It should further be understood that as an alternative, the side margins 9 and 10 of the metal sheet 2 can already be clamped into the clamping jaws of the tensile drawing machine 3 when the metal sheet 2 is in a flat sheet condition extending horizontally above the drawing mold 5, and an initial pre-stress tension can already be applied to the metal sheet 2 via the side margins 9 and 10 by the tensile drawing machine 3 in this condition. Then the drawing mold 5 is moved upwardly, or the metal sheet 2 being pretensioned by the tensile drawing machine 3 is moved downwardly, to deform the sheet 2 onto the drawing mold 5. Instead, the sheet 2 could first be deflected downwardly over the drawing mold 5, e.g. by hand or by using other apparatus not shown, and thereafter the side margins 9 and 10 may be connected to the clamping jaws of the tensile drawing machine 3 for the drawing tension forces FZZ1 and FZ2 to be applied thereto.

During the course of a defined pre-stressing phase until reaching a defined pre-stressing time, the metal sheet 2, via its side margins 9 and 10, is subjected to a pre-stressing force while the sheet 2 is at room temperature and atmospheric pressure, so that the sheet 2 becomes pre-formed or pre-bent from an initial neutral condition into a pre-formed or pre-bent condition having a preliminary curvature generally conformed to that of the curvature of the surface 8 of the drawing mold 5, which involves a pre-stressing deformation displacement of the metal sheet 2 as will be described below.

FIG. 3 includes three subfigures, namely FIGS. 3A, 3B and 3C, which respectively show the course or progress of the deformation displacement S, the temperature T, and the air pressure P over time during the several successive steps of the inventive forming process, which is especially suitable to be carried out using the above described metal sheet forming apparatus 1 according to the invention.
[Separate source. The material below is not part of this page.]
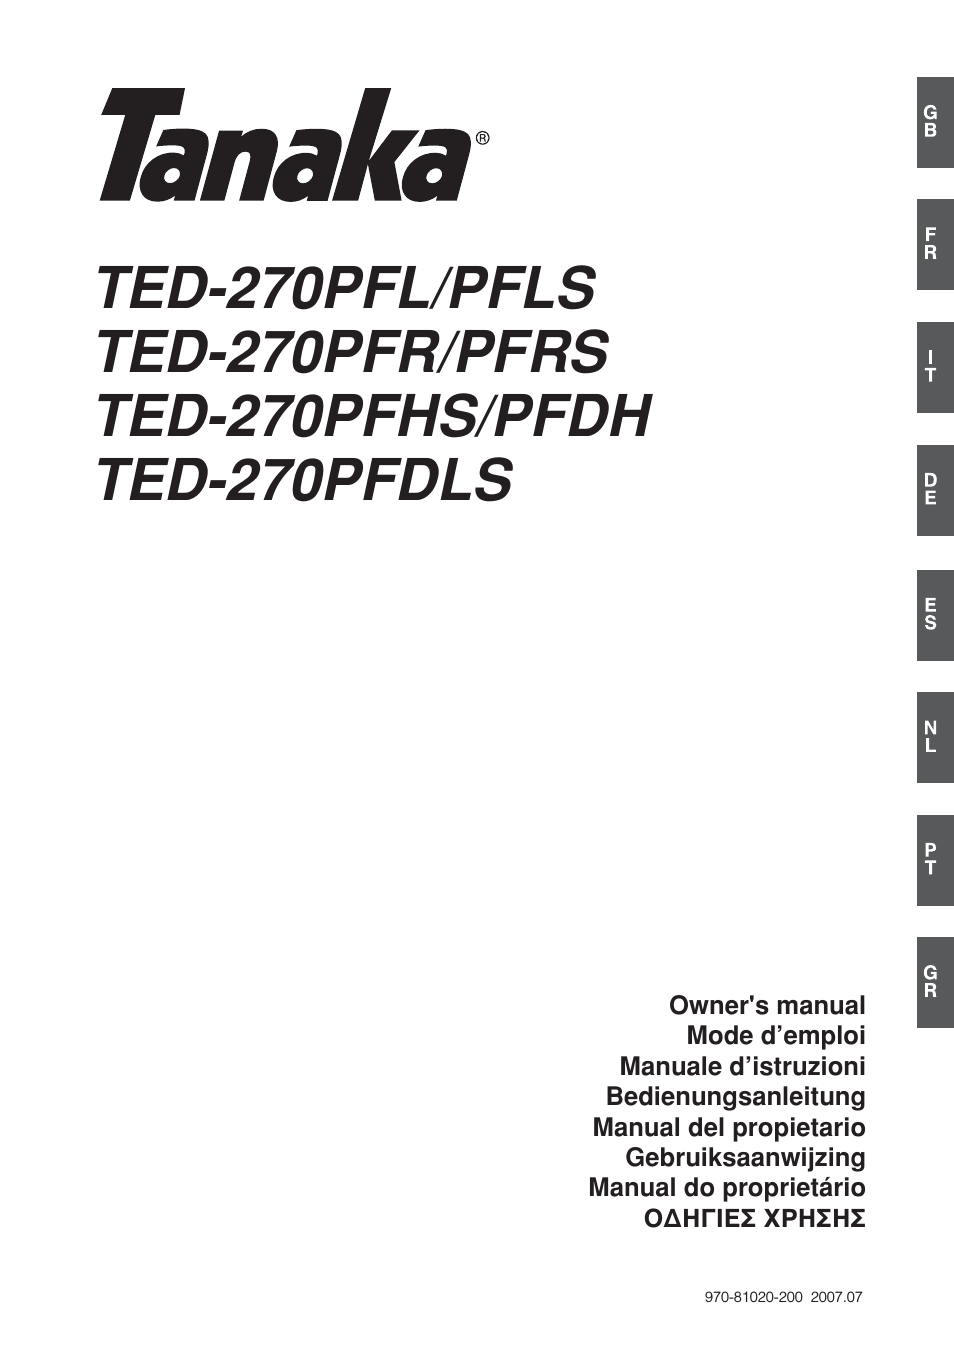 TED-270PFDLS
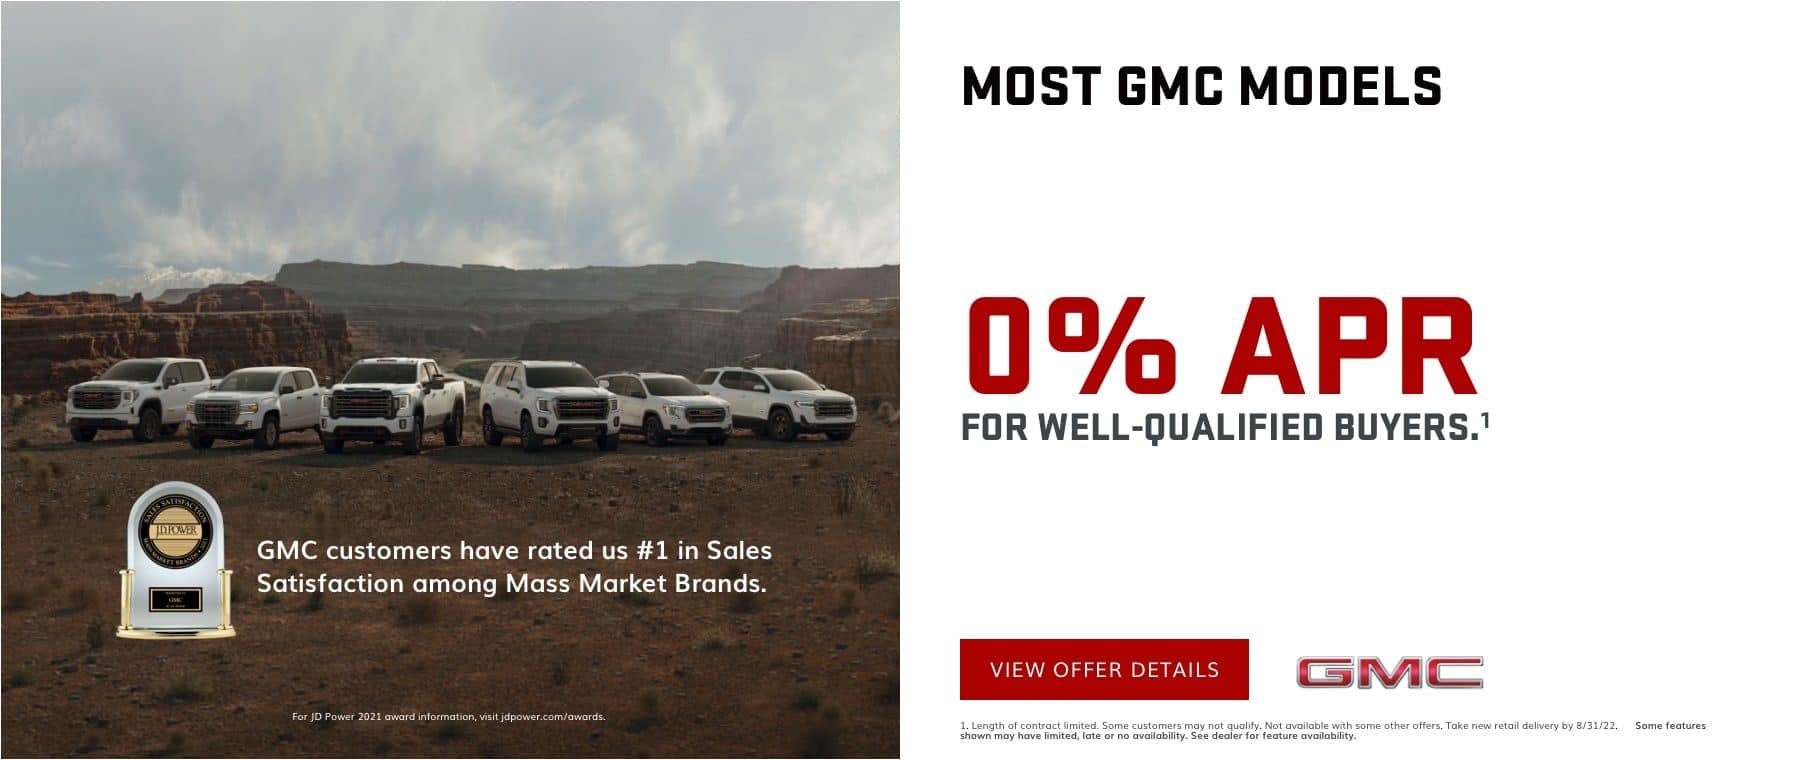 GMC Sierra vs. Toyota Tacoma – Comparing Top Selling Light-Duty Pickup Trucks

Thereby, the metal sheet 2 may be formed to have a simple or compound curvature, either in a convex or concave or compound direction, simply depending on the configuration or contour of the contact surface 11 of the drawing mold 5. The details of an example embodiment of such a process as shown in FIGS. 3A, 3B, and 3C will now be described.

The above described metal sheet 2 is first positioned over the drawing mold 5 and then laid down onto the curved contact surface 8 of the mold 5. Next, the edges or side margins 9 and 10 of the metal sheet 2 that are located opposite each other in a horizontal plane and protruding beyond the convexly formed curved surface 8 of the drawing mold 5 are secured, preferably clamped, to the tensile drawing machine 3. The protruding side margins 9 and 10 of the metal sheet 2 are preferably clampingly secured to the tensile drawing machine 3 directly adjoining or close to the edge of the curvature of the contact surface 8 of the drawing mold 5, so as to minimize the margin areas 9 and 10 that will not be subjected to the contouring or forming process. Once these preparatory steps have been carried out, the forming process itself can be started.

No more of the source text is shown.